BECCA STEVENS
Chaplain, St. Augustine’s Chapel, Vanderbilt Campus
An excerpt from Becca’s latest book, Hither and Yon: A Travel Guide for the Spiritual Journey:
One gift of my inability to hang on to things is that my family doesn’t have a key to our house. The door is always open. Though we have had three cars stolen from the driveway, no one has ever entered the house unless invited. I think the reason is that people are always around. We have home church every week, and our children have friends over all the time to skateboard or play. My husband writes most of his music in our front room, and people are meeting and working around the house almost every day. The unplanned result is that community has replaced the security system. Whatever we have in our house is shared with anyone who walks through the door.
Becca Stevens is a writer and Episcopal priest whose concept of community is something she lives and shares every day. Whether it be with the eclectic congregation of St. Augustine’s Chapel on Vanderbilt University, or with the women of Magdalene, an organization she founded to help women with a criminal history of prostitution and drug addiction, or with the growing friends she is making in far-off places through her books, blog, traveling and speaking engagements, Becca believes deeply that community is something to be nurtured through love, justice, and open doors.
With an Episcopal priest as a father and a mother who directed an outreach center for senior citizens and low-income children, Becca was given the legacy of service through parents who, in her words, “lived generously and didn’t make a fuss about it.” Asked about her parents, Becca responds, “My dad was killed by a drunk driver in the fall of 1968, but he left me a legacy to not only give to those who are in need, but to do it generously. His tragic death has reminded me that life is tender and precious.” Becca’s mom, who died suddenly 10 years ago, was highly regarded in the community for her compassion, hard work and practical approach to service. Says Becca, ”My mom raised five children on her own after my dad died, all the while running St. Luke’s Community Center. She taught us to share, forgive, appreciate the gifts of nature, and to be our brother’s keeper - and that there is always time to make crafts and play. As a leader she was also an amazing example that sometimes you have to just take it on the chin and keep going.”
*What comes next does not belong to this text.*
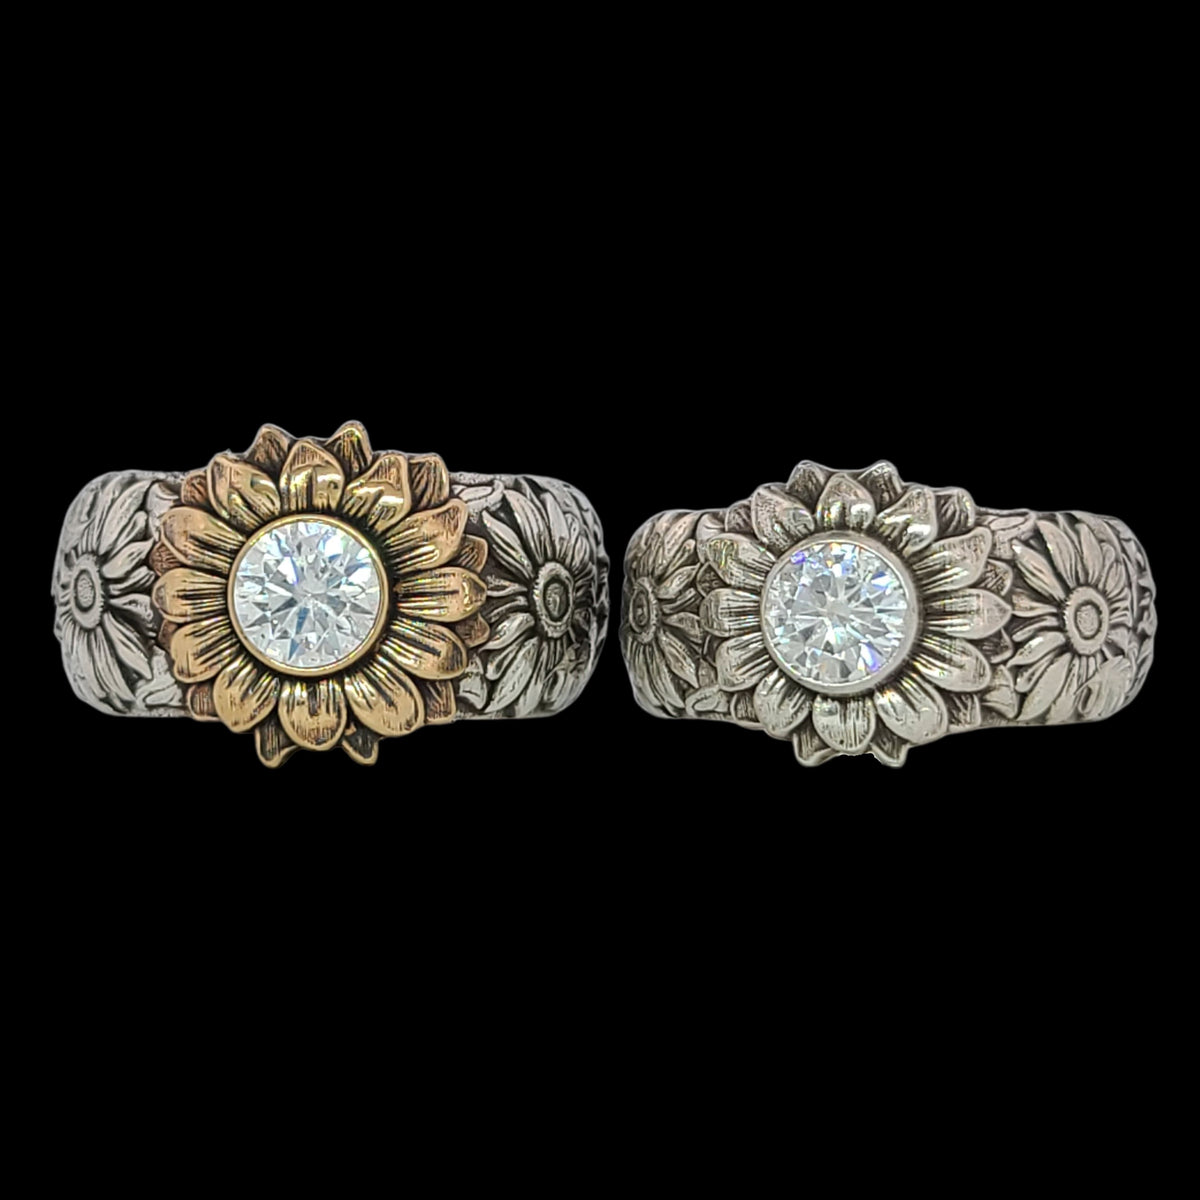 SUNFLOWER SOLITAIRE Ring in GOLD with CHOICE of 5mm GEMSTONE - Starting at $1089
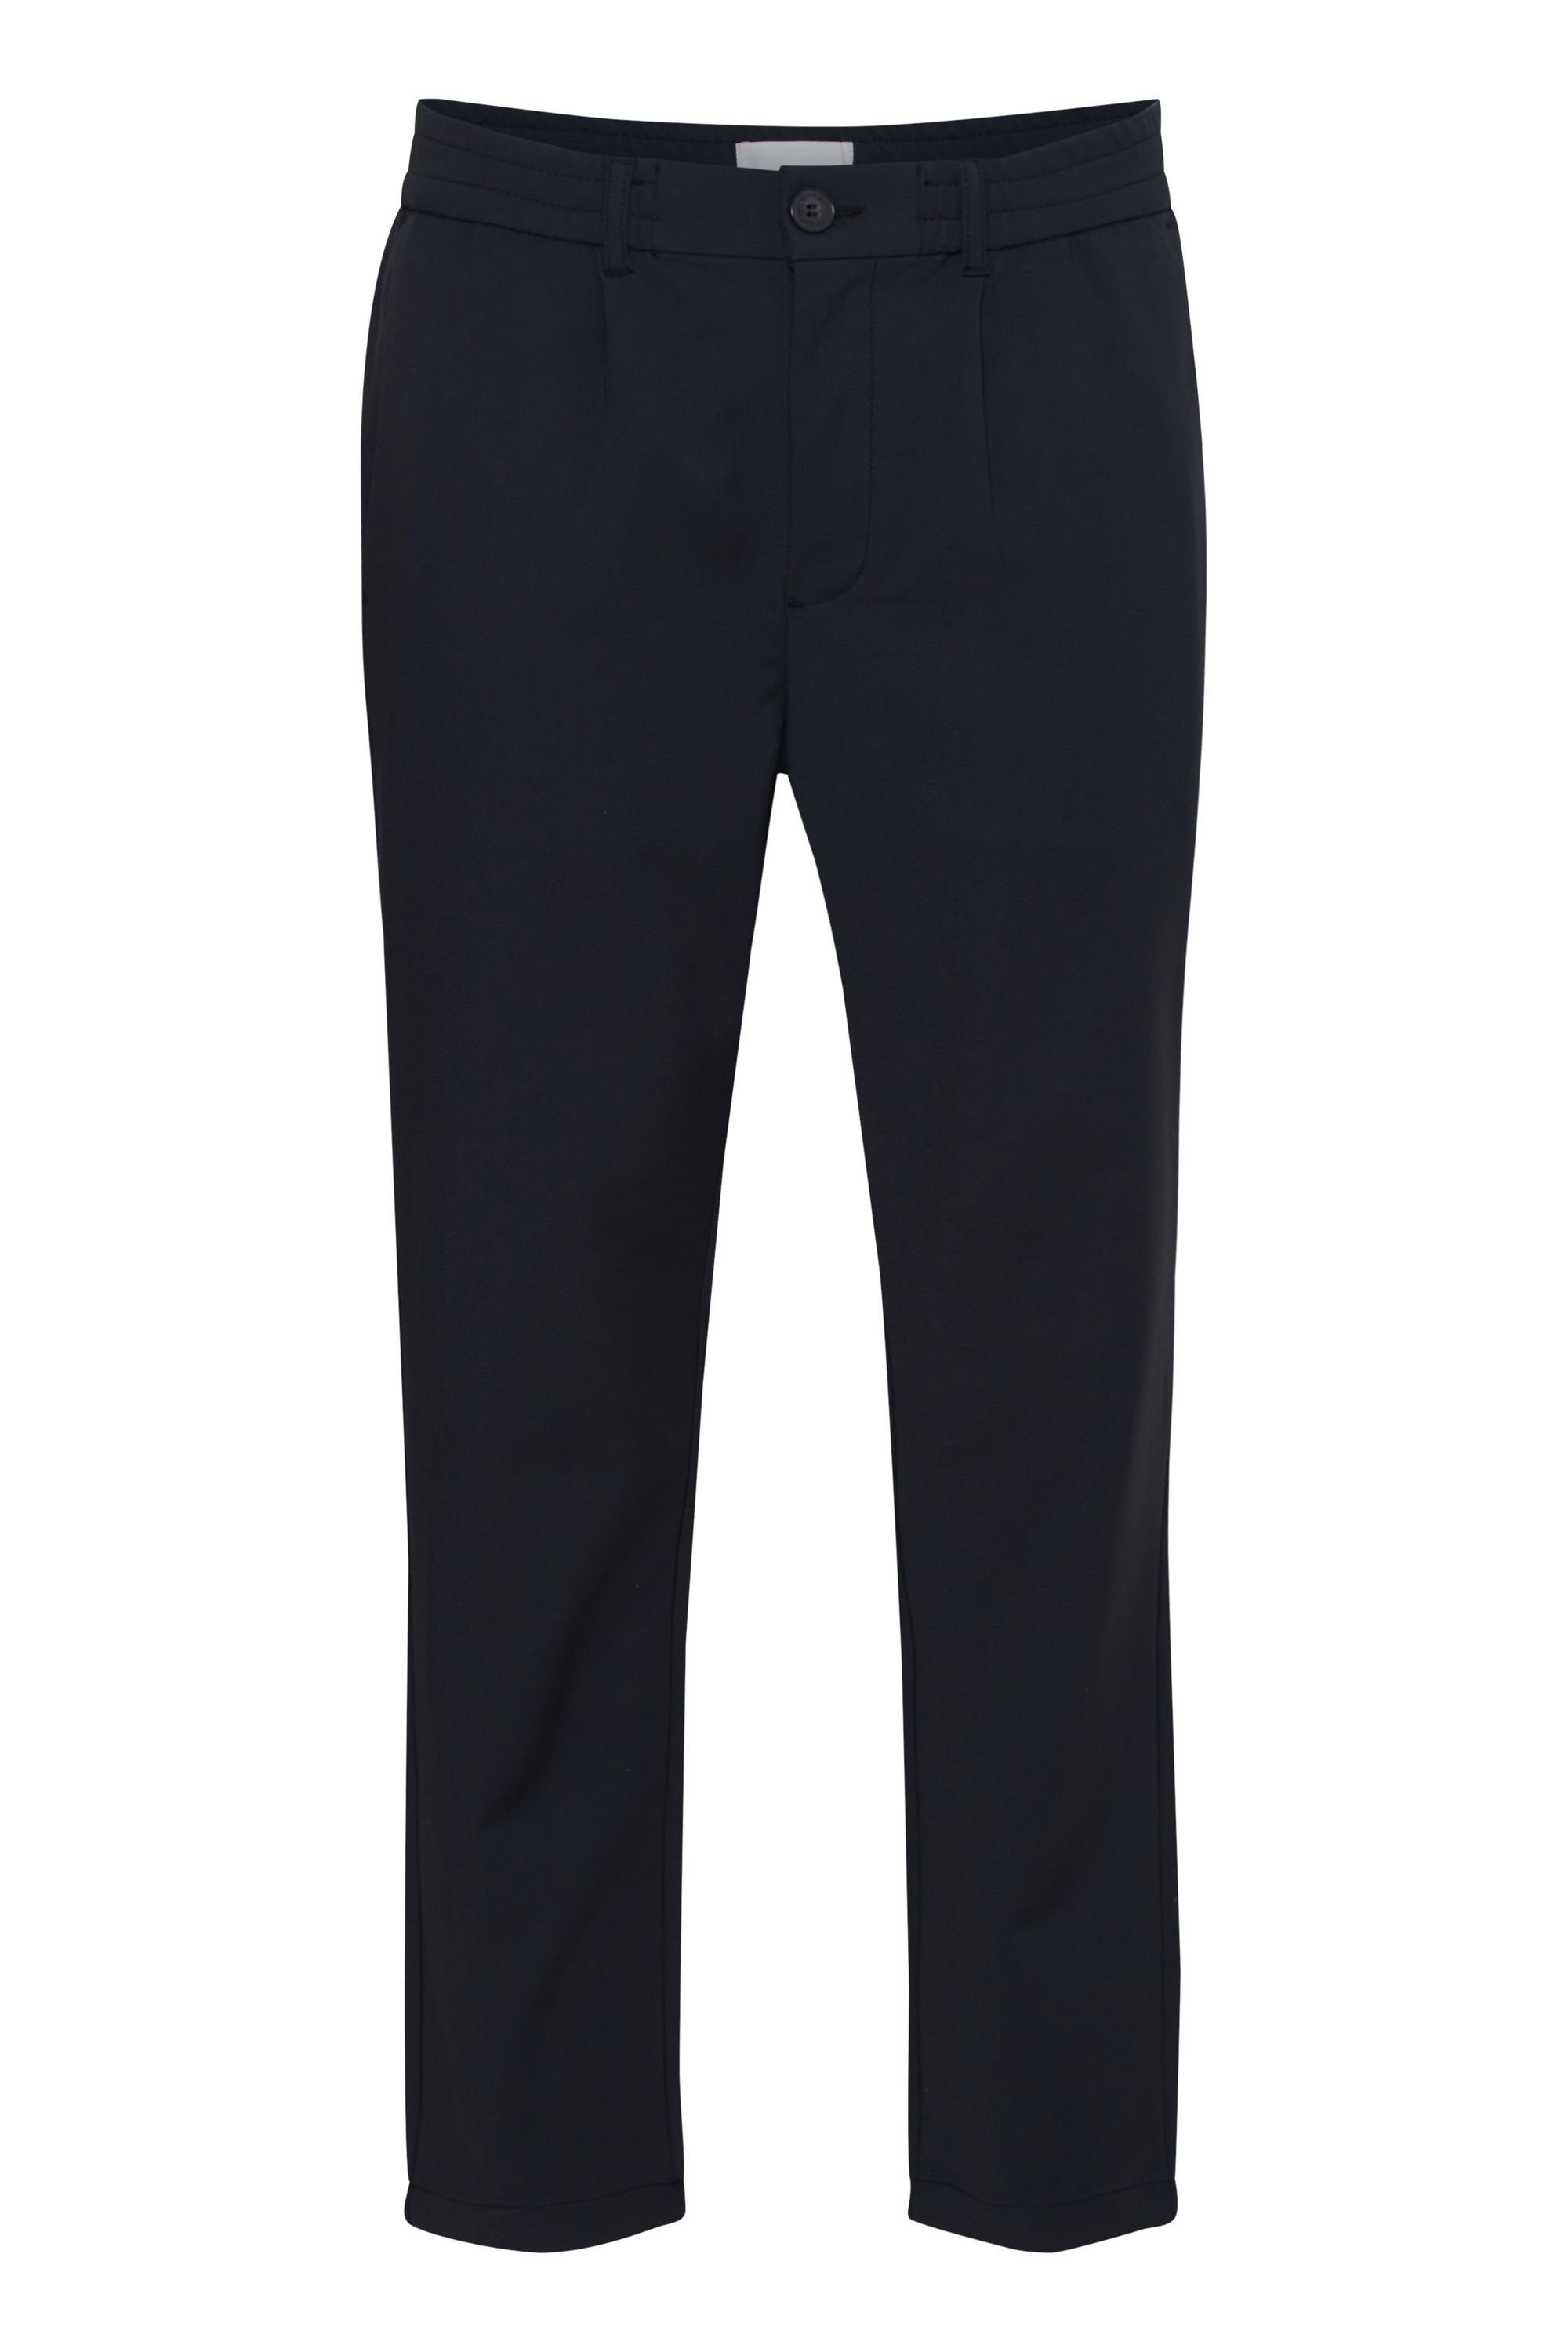 20504943 Dark pleat CFMarc Friday pnts Casual Navy with Stoffhose - performance (194013)

This commitment to generously serve, with little fuss, has helped Becca, with generous support from the community, establish a partnership between St. Augustine’s Chapel and San Eduardo in Ecuador to build and support a rural school; support a nursing program for an AIDS hospice in Botswana; and recently establish a center for contemplative justice that houses programs such as a chapter of Mobile Loaves & Fishes, which serves the homeless population in Nashville. To date, Rev. Stevens has raised over $9 million for the organizations she supports. Becca has won numerous awards such as the Frist Foundation’s award for ‘Innovation in Action,’ the Academy of Women in Achievement, the ‘Alumnus of the Year’ from University of the South’s School of Theology and ‘Tennessean of the Year’ by The Tennessean in 2005. In addition to numerous articles, Becca has written three books for Abingdon Press; Sanctuary, her last book, was one of Christianity Today’s Top 5 Spiritual Books of 2005. Her newest book, Hither & Yon: A Travel Guide for the Spiritual Journey, was released fall 2007.
Becca resides in Nashville with her husband, Grammy-winning songwriter, Marcus Hummon, and their three sons, Levi, Caney and Moses.